Montalvo E A, Parmley R T, Grose C
J Virol. 1985 Mar;53(3):761-70. doi: 10.1128/JVI.53.3.761-770.1985.
Varicella-zoster virus specifies the formation of several glycoproteins, including the preponderant gp98-gp62 glycoprotein complex in the outer membranes of virus-infected cells. These viral glycoproteins are recognized and precipitated by a previously described monoclonal antibody designated monoclone 3B3. When an immunoblot analysis was performed, only gp98 was reactive with monoclone 3B3 antibody; likewise, titration in the presence of increased concentrations of sodium dodecyl sulfate during antigen-antibody incubations caused selective precipitation of gp98 but not gp62. Further structural analyses of gp98 were performed by using the glycosidases endo-beta-N-acetylglucosaminidase H (endoglycosidase H) and neuraminidase and two inhibitors of glycosylation (tunicamycin and monensin). In addition to gp98, antibody 3B3 reacted with several intermediate products, including gp90, gp88, gp81, and a nonglycosylated polypeptide, p73. Since gp98 was completely resistant to digestion with endoglycosidase H, it contained only complex carbohydrate moieties; conversely, gp81 contained mainly high-mannose residues. Polypeptide p73 was immunodetected in the presence of tunicamycin and designated as a nascent recipient of N-linked sugars, whereas gp88 was considered to contain O-linked oligosaccharides because its synthesis was not affected by tunicamycin. The ionophore monensin inhibited production of mature gp98, but other intermediate forms, including gp90, were detected. Since the latter product was similar in molecular weight to the desialated form of gp98, one effect of monensin treatment of varicella-zoster virus-infected cells was to block the addition of N-acetylneuraminic acid. Monensin also blocked insertion of gp98 into the plasma membrane and, as determined by electron microscopy, inhibited envelopment of the nucleocapsid and its transport within the cytoplasm. On the basis of this study, we reached the following conclusions: the primary antibody 3B3-binding epitope is located on gp98, gp98 is a mature product of viral glycoprotein processing, gp98 contains both N-linked and O-linked oligosaccharide side chains, gp90 is the desialated penultimate form of gp98, gp88 is an O-linked intermediate of gp98, gp81 is the high-mannose intermediate of gp98, and p73 is the unglycosylated precursor of gp98.

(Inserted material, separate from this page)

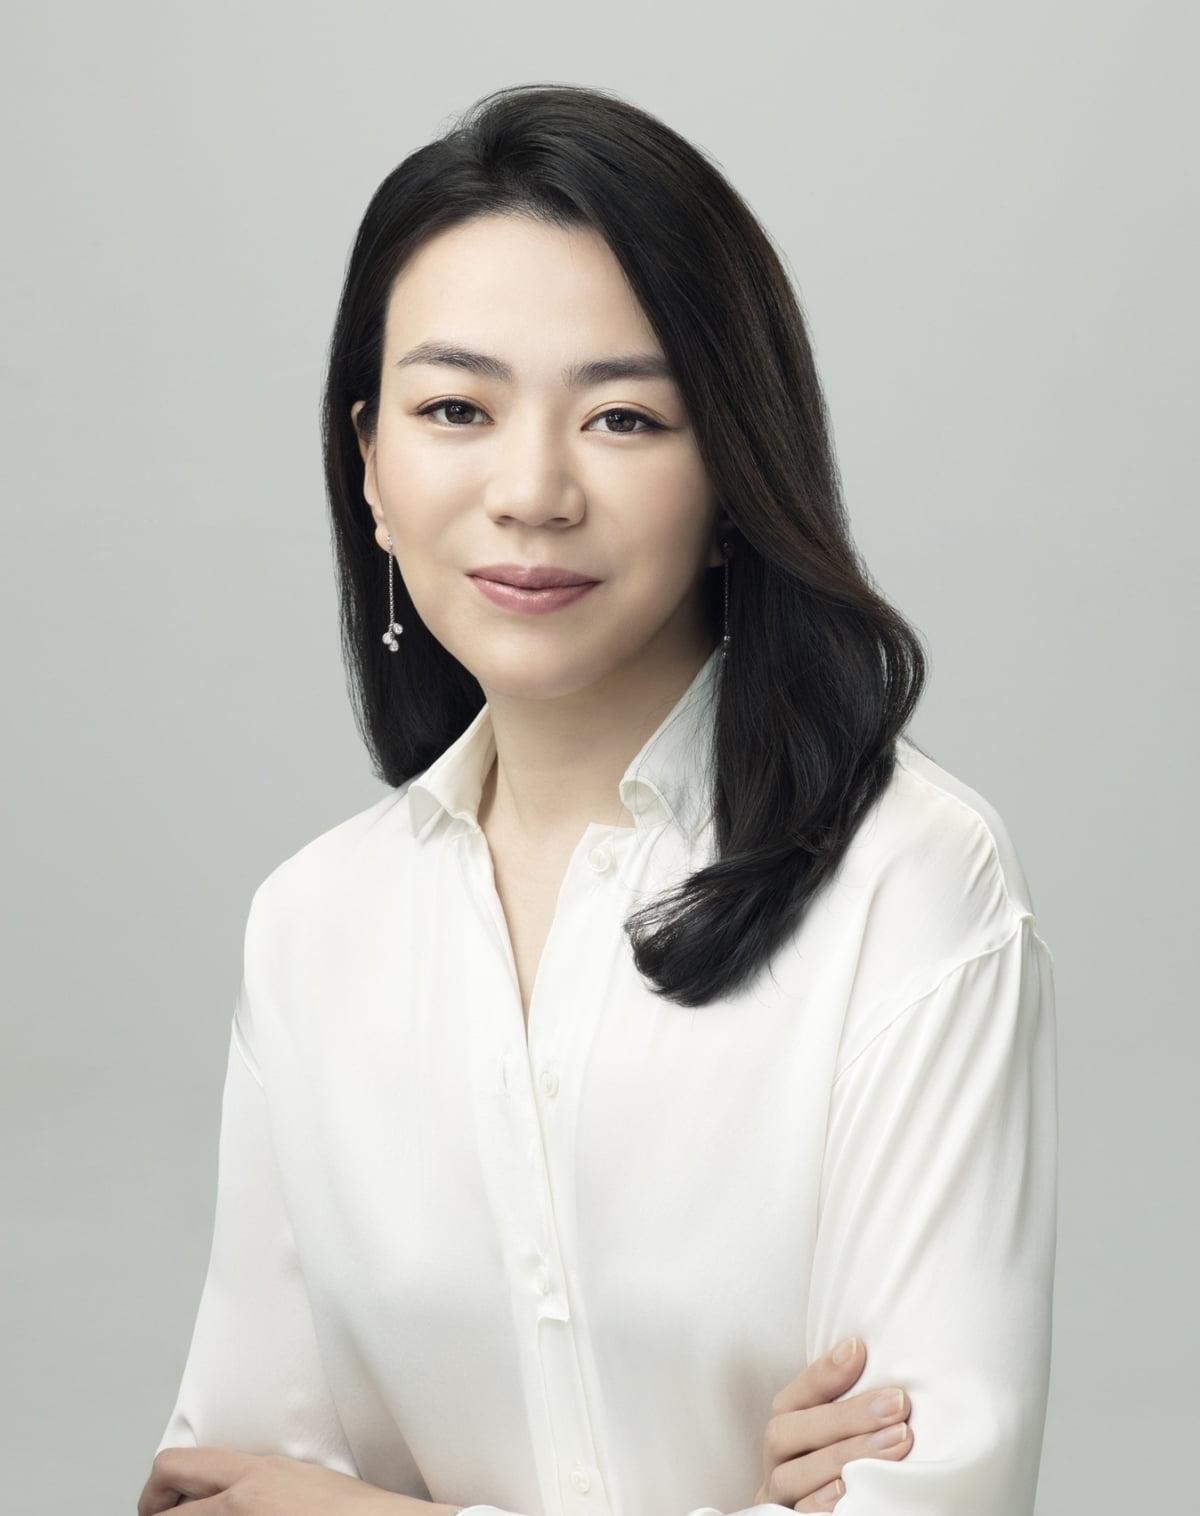 `조현아 연합` 한진칼 전문경영인에 김신배 前 SK 부회장 추천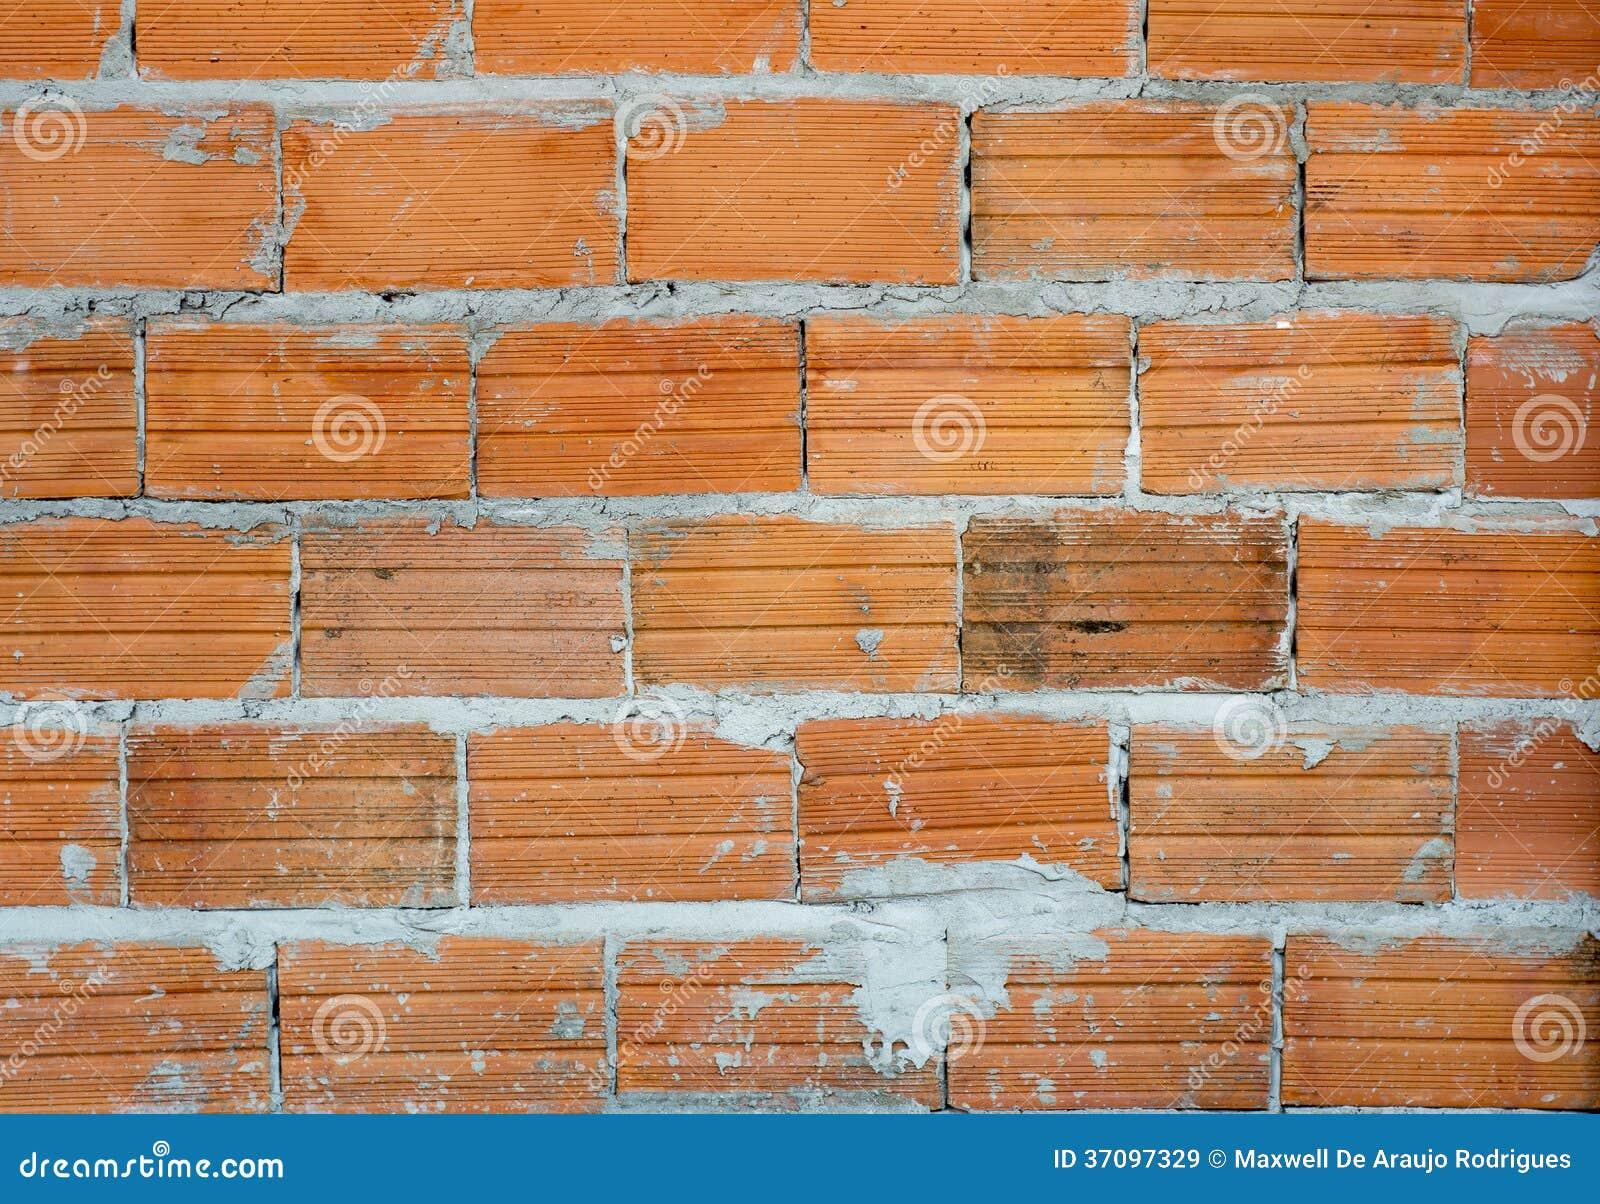 Favela Bricks Royalty Free Stock Images Image 37097329

水痘带状疱疹病毒可促使多种糖蛋白的形成,包括病毒感染细胞外膜中占主导地位的gp98-gp62糖蛋白复合物。这些病毒糖蛋白可被一种先前描述的名为单克隆抗体3B3的单克隆抗体识别并沉淀。进行免疫印迹分析时,只有gp98与单克隆3B3抗体发生反应;同样,在抗原-抗体孵育过程中增加十二烷基硫酸钠浓度进行滴定,会导致gp98选择性沉淀,而gp62不会沉淀。通过使用糖苷酶内切β-N-乙酰氨基葡萄糖苷酶H(内切糖苷酶H)、神经氨酸酶以及两种糖基化抑制剂(衣霉素和莫能菌素)对gp98进行了进一步的结构分析。除了gp98,抗体3B3还与几种中间产物发生反应,包括gp90、gp88、gp81和一种非糖基化多肽p73。由于gp98对内切糖苷酶H的消化完全具有抗性,它仅含有复合碳水化合物部分;相反,gp81主要含有高甘露糖残基。多肽p73在衣霉素存在的情况下被免疫检测到,并被指定为N-连接糖的新生受体,而gp88被认为含有O-连接寡糖,因为其合成不受衣霉素影响。离子载体莫能菌素抑制成熟gp98的产生,但可检测到其他中间形式,包括gp90。由于后者产物的分子量与gp98的去唾液酸化形式相似,莫能菌素处理水痘带状疱疹病毒感染细胞的一个作用是阻断N-乙酰神经氨酸的添加。莫能菌素还阻断gp98插入质膜,并且通过电子显微镜确定,它抑制核衣壳的包膜形成及其在细胞质中的运输。基于这项研究,我们得出以下结论:主要抗体3B3结合表位位于gp98上,gp98是病毒糖蛋白加工的成熟产物,gp98同时含有N-连接和O-连接寡糖侧链,gp90是gp98的去唾液酸化倒数第二种形式,gp88是gp98的O-连接中间体,gp81是gp98的高甘露糖中间体,p73是gp98的未糖基化前体。